Radiation damage in the Gaia focal plane: in-orbit data, charge-transfer simulations, and the impact on the astronomy achievable

Launched in December 2013, the ESA Gaia mission has the ambitious aim of mapping a staggering 1 billion astronomical objects over its 5 year (plus 1-4 year extension) lifetime. The Gaia focal plane is formed of 106 custom-designed e2v CCDs. The detectors are subject to radiation damage whilst in orbit and the results so far suggest that this damage is much lower than that predicted pre-launch.
The contributing factors to this lower level of damage are still unconfirmed, although there are several candidates for this variation. One is the increased optical background from light scattering from fibres and ice on the end of the baffle. Another is the impact of the devices being irradiated in-orbit more than 100 K lower in temperature than in the pre-launch test campaigns. Current research at the OU suggests that both factors have a major impact on the level of damage received. Simulations developed for the ESA Euclid mission using similar detectors (Skottfelt), albeit of a different design, are showing great promise in aiding an understanding of the physics behind the processes of radiation damage in these detectors.

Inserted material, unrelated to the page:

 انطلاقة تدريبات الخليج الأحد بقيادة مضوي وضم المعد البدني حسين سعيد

Although the OU's pre-launch research on Gaia radiation campaign data (Hall and Dryer) has ended, data is now being returned from orbit. Using this information, alongside developing the OU simulations to the Gaia detectors, the student will be able to get real information on traps developing in the CCDs in-orbit, feeding this information back into other mission research (e.g. Euclid, SMILE, WFIRST etc).

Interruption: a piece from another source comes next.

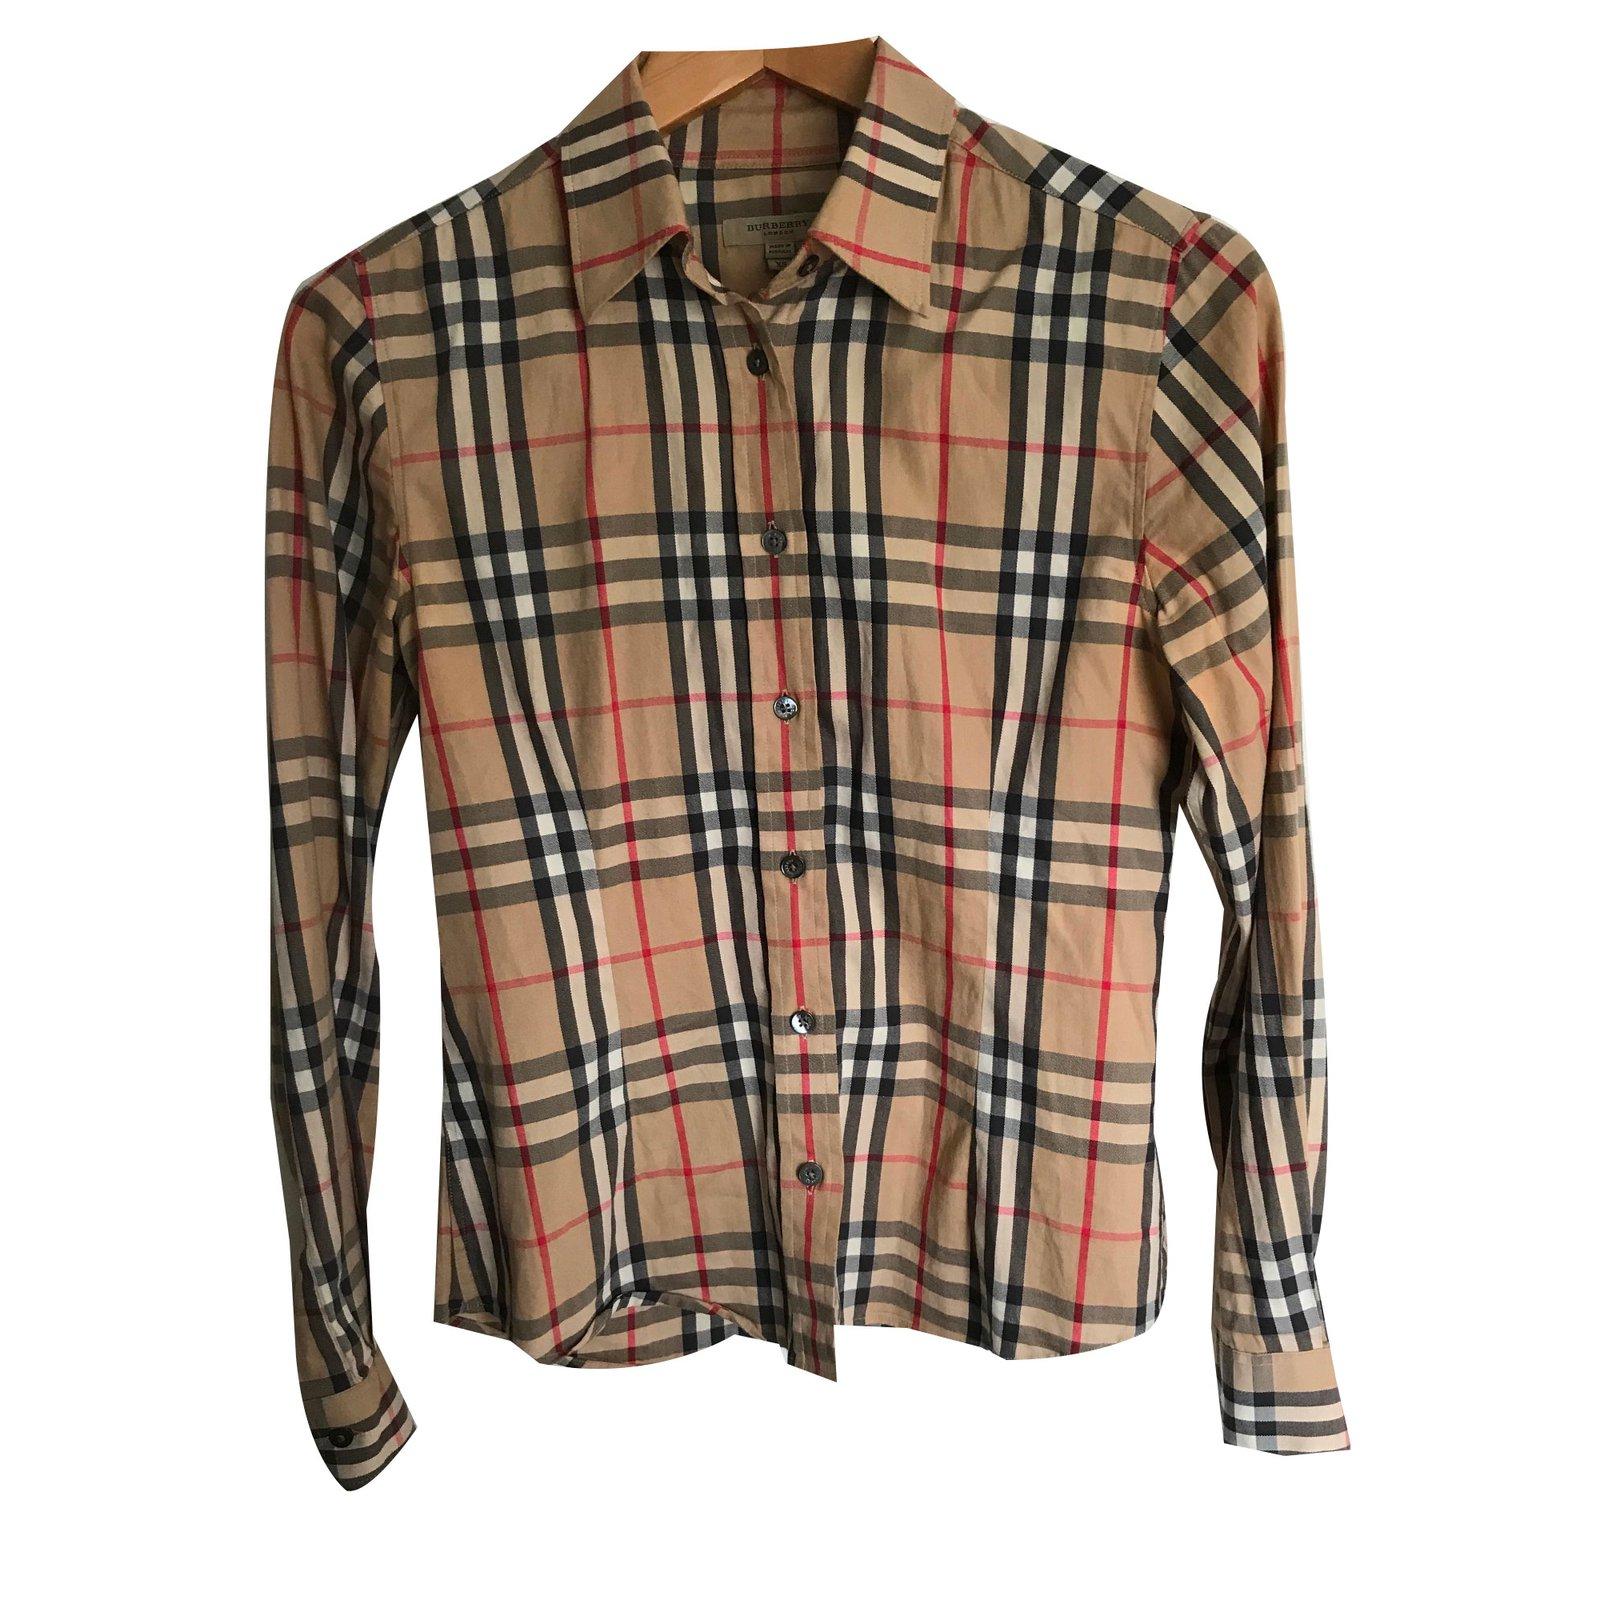 Tops Burberry Chemise Coton Multicolore ref.69051 - Joli Closet 58098a1b4d02

The student will then go on to look at how the radiation damage will affect the Gaia RVS output from an astronomy perspective during the mission (Norton). Smearing caused by CCD radiation damage can lead to an increased blending of the object of interest with fainter background objects and this could therefore lead to an increased uncertainty in the radial velocity measurements. As the radiation damage builds over time, the uncertainties will also increase and an analysis of this effect and a possible way to correct for it (linking with OU Euclid and SMILE research), would therefore be of major interest. Impacts of this damage on the astronomy research made possible by Gaia will form the final part of the thesis, linking between the Space Instrumentation and Astronomy research in the School, and will have benefits to other space astronomy missions such as ESAs Euclid and PLATO missions.

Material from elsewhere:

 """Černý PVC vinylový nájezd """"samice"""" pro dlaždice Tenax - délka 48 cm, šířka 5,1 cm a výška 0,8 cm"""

The outputs of this research would have the added benefit that they would feed into S818: Masters in Space Science and Technology. The Gaia case study, co-written by Andrew Norton and David Hall, provides a link between astronomy and detector technology through teaching. Consideration of the impact of one on the other during the PhD through this cross-disciplinary research would provide further links not only between astronomy and space instrumentation research, but also between the teaching and research in the Masters in Space Science and Technology (S818).